8.7 KiB
8.7 KiB
Prompt Caching Guide
Complete guide to using prompt caching for cost optimization.
Overview
Prompt caching reduces costs by up to 90% and latency by up to 85% by caching frequently used context.
Benefits
- Cost Savings: Cache reads = 10% of input token price
- Latency Reduction: 85% faster time to first token
- Use Cases: Long documents, codebases, system instructions, conversation history
Pricing
| Operation | Cost (per MTok) | vs Regular Input |
|---|---|---|
| Regular input | $3 | 100% |
| Cache write | $3.75 | 125% |
| Cache read | $0.30 | 10% |
Example: 100k tokens cached, used 10 times
- Without caching: 100k × $3/MTok × 10 = $3.00
- With caching: (100k × $3.75/MTok) + (100k × $0.30/MTok × 9) = $0.375 + $0.27 = $0.645
- Savings: $2.355 (78.5%)
Requirements
Minimum Cacheable Content
- Claude 3.5 Sonnet: 1,024 tokens minimum
- Claude 3.5 Haiku: 2,048 tokens minimum
- Claude 3.7 Sonnet: 1,024 tokens minimum
Cache Lifetime
- Default: 5 minutes
- Extended: 1 hour (configurable)
- Refreshes on each use
Cache Matching
Cache hits require:
- ✅ Identical content (byte-for-byte)
- ✅ Same position in request
- ✅ Within TTL (5 min or 1 hour)
Implementation
Basic System Prompt Caching
const message = await anthropic.messages.create({
model: 'claude-sonnet-4-5-20250929',
max_tokens: 1024,
system: [
{
type: 'text',
text: LARGE_SYSTEM_INSTRUCTIONS, // >= 1024 tokens
cache_control: { type: 'ephemeral' },
},
],
messages: [
{ role: 'user', content: 'Your question here' }
],
});
Caching in User Messages
const message = await anthropic.messages.create({
model: 'claude-sonnet-4-5-20250929',
max_tokens: 1024,
messages: [
{
role: 'user',
content: [
{
type: 'text',
text: 'Analyze this document:',
},
{
type: 'text',
text: LARGE_DOCUMENT, // >= 1024 tokens
cache_control: { type: 'ephemeral' },
},
{
type: 'text',
text: 'What are the main themes?',
},
],
},
],
});
Multi-Turn Conversation Caching
// Turn 1 - Creates cache
const response1 = await anthropic.messages.create({
model: 'claude-sonnet-4-5-20250929',
max_tokens: 1024,
system: [
{
type: 'text',
text: SYSTEM_PROMPT,
cache_control: { type: 'ephemeral' },
},
],
messages: [
{ role: 'user', content: 'Hello!' }
],
});
// Turn 2 - Hits cache (same system prompt)
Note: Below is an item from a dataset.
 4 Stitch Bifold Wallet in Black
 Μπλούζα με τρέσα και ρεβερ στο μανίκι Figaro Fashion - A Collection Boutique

const response2 = await anthropic.messages.create({
model: 'claude-sonnet-4-5-20250929',
max_tokens: 1024,
system: [
{
type: 'text',
text: SYSTEM_PROMPT, // Identical - cache hit
cache_control: { type: 'ephemeral' },
},
],
messages: [
{ role: 'user', content: 'Hello!' },
{ role: 'assistant', content: response1.content[0].text },
{ role: 'user', content: 'Tell me more' },
],
});
Caching Conversation History
const messages = [
{ role: 'user', content: 'Message 1' },
{ role: 'assistant', content: 'Response 1' },
{ role: 'user', content: 'Message 2' },
{ role: 'assistant', content: 'Response 2' },
];
// Cache last assistant message
messages[messages.length - 1] = {
role: 'assistant',
content: [
{
type: 'text',
text: 'Response 2',
cache_control: { type: 'ephemeral' },
},
],
};
messages.push({ role: 'user', content: 'Message 3' });
const response = await anthropic.messages.create({
model: 'claude-sonnet-4-5-20250929',
max_tokens: 1024,
messages,
});
Best Practices
✅ Do
- Place
cache_controlon the last block of cacheable content - Cache content >= 1024 tokens (3.5 Sonnet) or >= 2048 tokens (3.5 Haiku)
- Use caching for repeated context (system prompts, documents, code)
- Monitor cache usage in response headers
- Cache conversation history in long chats
❌ Don't
- Cache content below minimum token threshold
- Place
cache_controlin the middle of text - Change cached content (breaks cache matching)
- Cache rarely used content (not cost-effective)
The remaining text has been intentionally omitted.